Need for a New Framework
One case that exemplifies how an innovative idea was hampered by our existing health care architecture is the effort to develop an electronic health records system. After 8 years and a massive federal subsidy, an integrated, interoperable system remains elusive. Why? “Hospitals built the electronic health records to duplicate and reinforce the kind of architecture we currently have,” Richman explained.
Another model, one undertaken by France, instead organizes health care delivery around the patient. There, individual health records are stored electronically on insurance cards, allowing patients to bring their personalized information to any provider.
In the U.S., some tech companies are investing in new patient-centered health services. But can this be done, asked Richman, without constructing a new architecture?
Lessons of a Pandemic
Our relationships with each other, our health providers and digital technology have evolved over the past year due to the Covid-19 pandemic. In March, telemedicine surged 50 percent; by August, these video-calls with doctors rose by 3,500 percent. But the pandemic also illuminated a problematic side of technology—the proliferation of misinformation and conflicting sources of health information.
“We need to shift the source of information…to trusted providers,” said Richman. “The entire information ecosystem really needs to change, and there’s no reason that our providers—who know us and our communities and who we have relationships with—cannot be much more active in disseminating information to us.”
Looking to the Future
Richman envisioned several scenarios within a restructured health sector. With telehealth, a parent with a sick baby could receive care without having to leave the comfort of home. Caring for an aging parent also could be done digitally, suggested Richman. The technology already exists to monitor potential emergency triggers in the caregiver’s absence. A new architecture, he said, could offer safer, more cost-effective independent living.

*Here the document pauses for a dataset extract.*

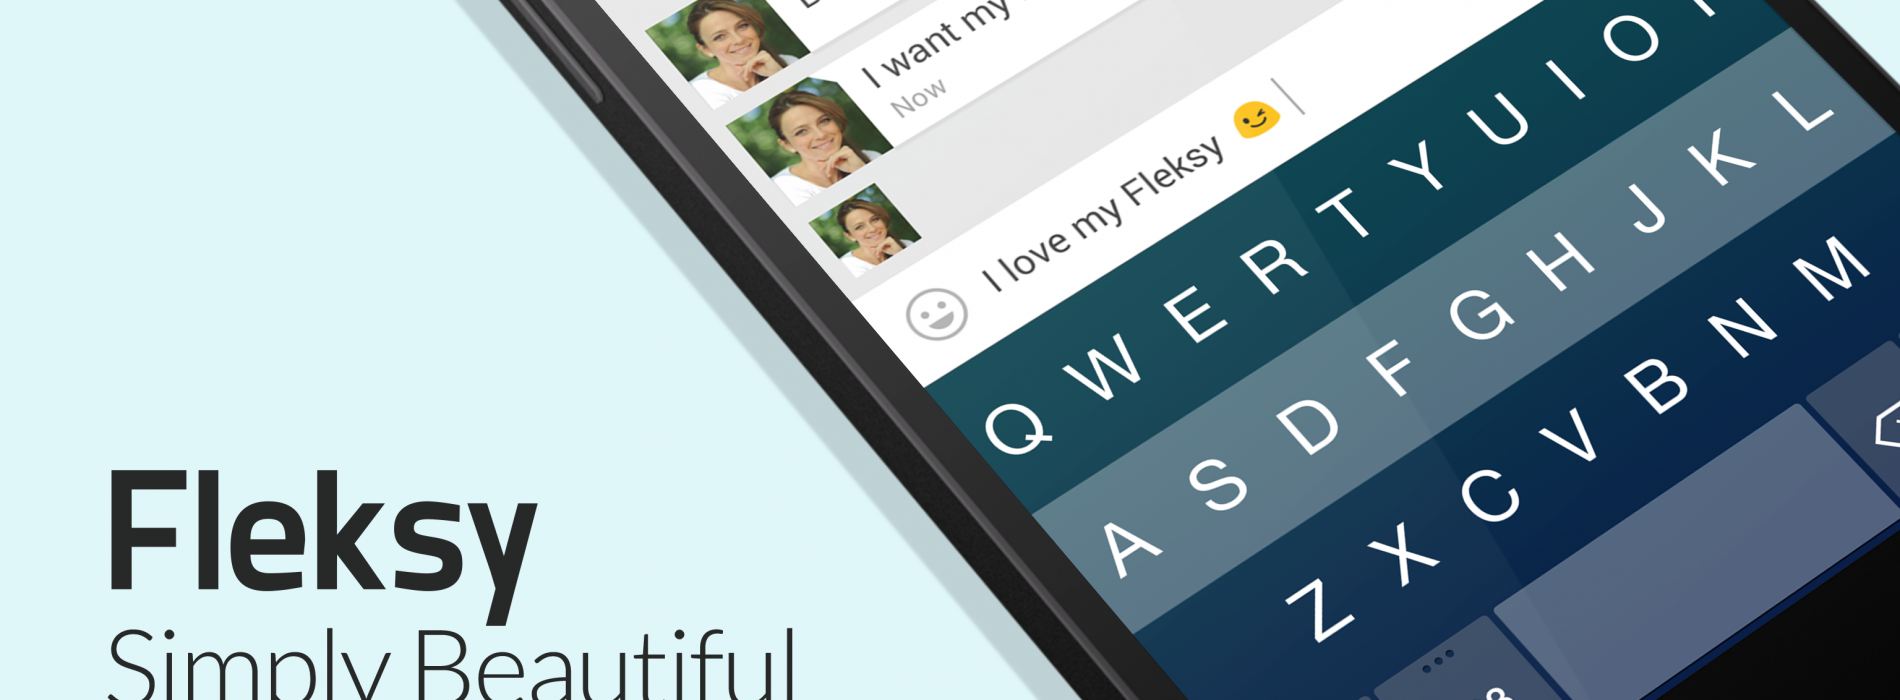 Fleksy Keyboard announces partnership with Sprint App Pass

Another prospective improvement is surgery, such as hip replacement. Local hospitals often charge high prices yet may not even specialize in that area, said Richman. Imagine implementing destination medicine—the potential to shop elsewhere for care—reducing costs by expanding both competition and patient choice.

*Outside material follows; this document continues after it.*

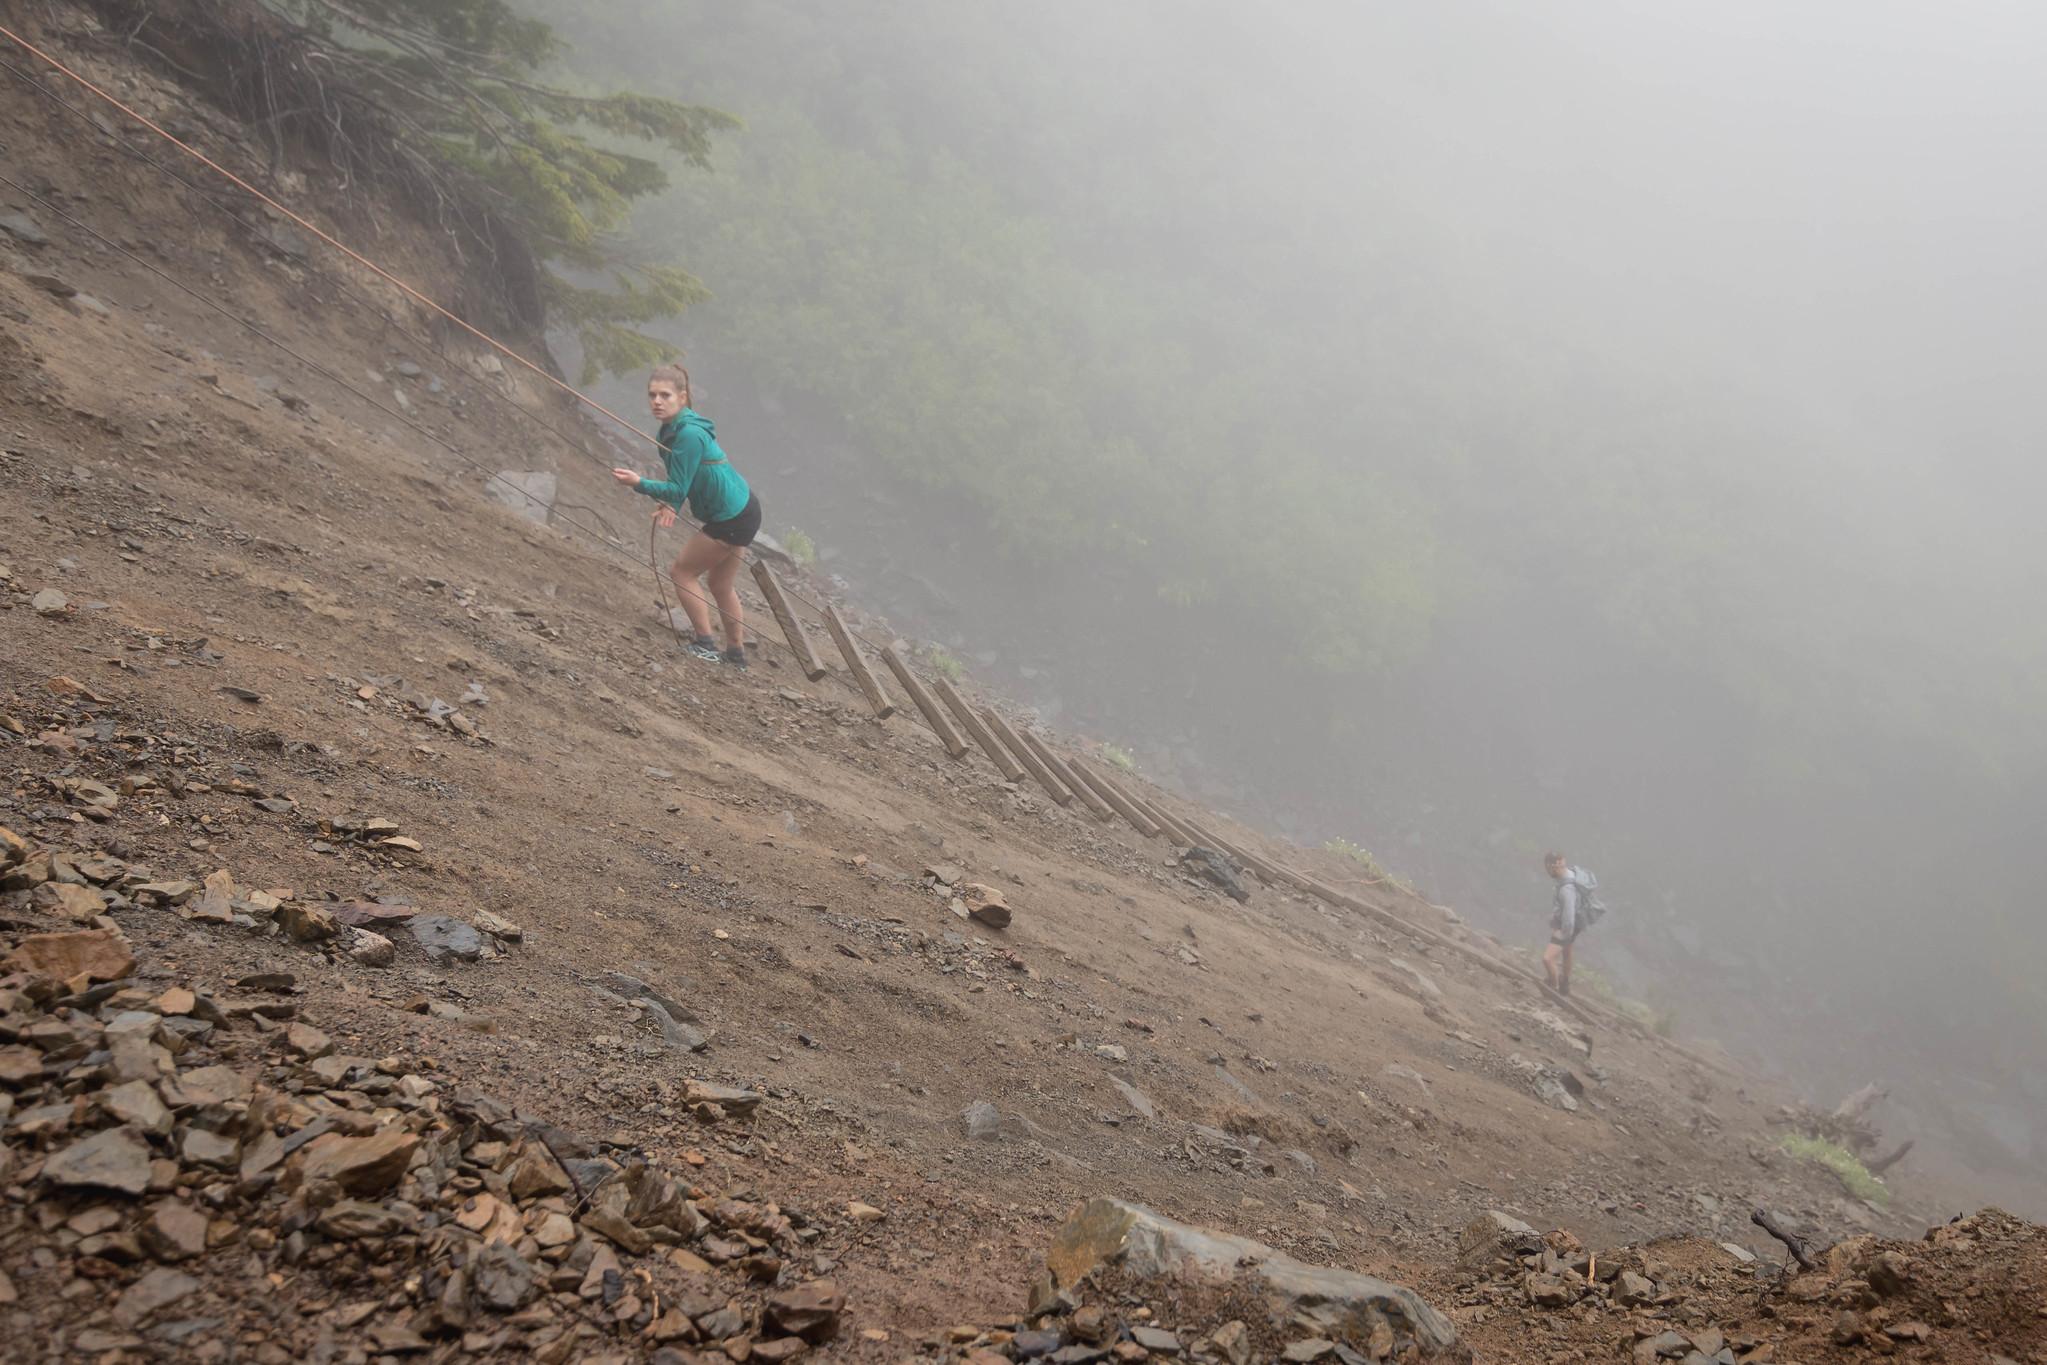 Landslide with rope and ladder

A new architecture could integrate specialists into primary care, while telemedicine further expands patient choice and the radius of care, since doctors wouldn’t necessarily have to be local. Rather than a hierarchical relationship with doctors, patients could have a more direct relationship, perhaps through a new information ecosystem.
Even though patients might not regularly see doctors physically, Richman said, “We’d have them much more integrated into our daily lives—whether through telemedicine, some kind of digital interface or other information system—having them much more actively engaged in providing us with information and direction.”
During the Q&A, Richman was asked how a new framework might affect vulnerable and marginalized populations. Caring for low-income and other vulnerable populations, who likely suffer from comorbidities, requires an integrated strategy, he said, which individual providers can’t accomplish.
“That only accentuates the need to have a comprehensive approach to delivering care in a different kind of architecture that’s patient-centered,” Richman said. “All of the intersections between the social determinants of health and health care delivery are going to have to be a part of developing this new architecture.”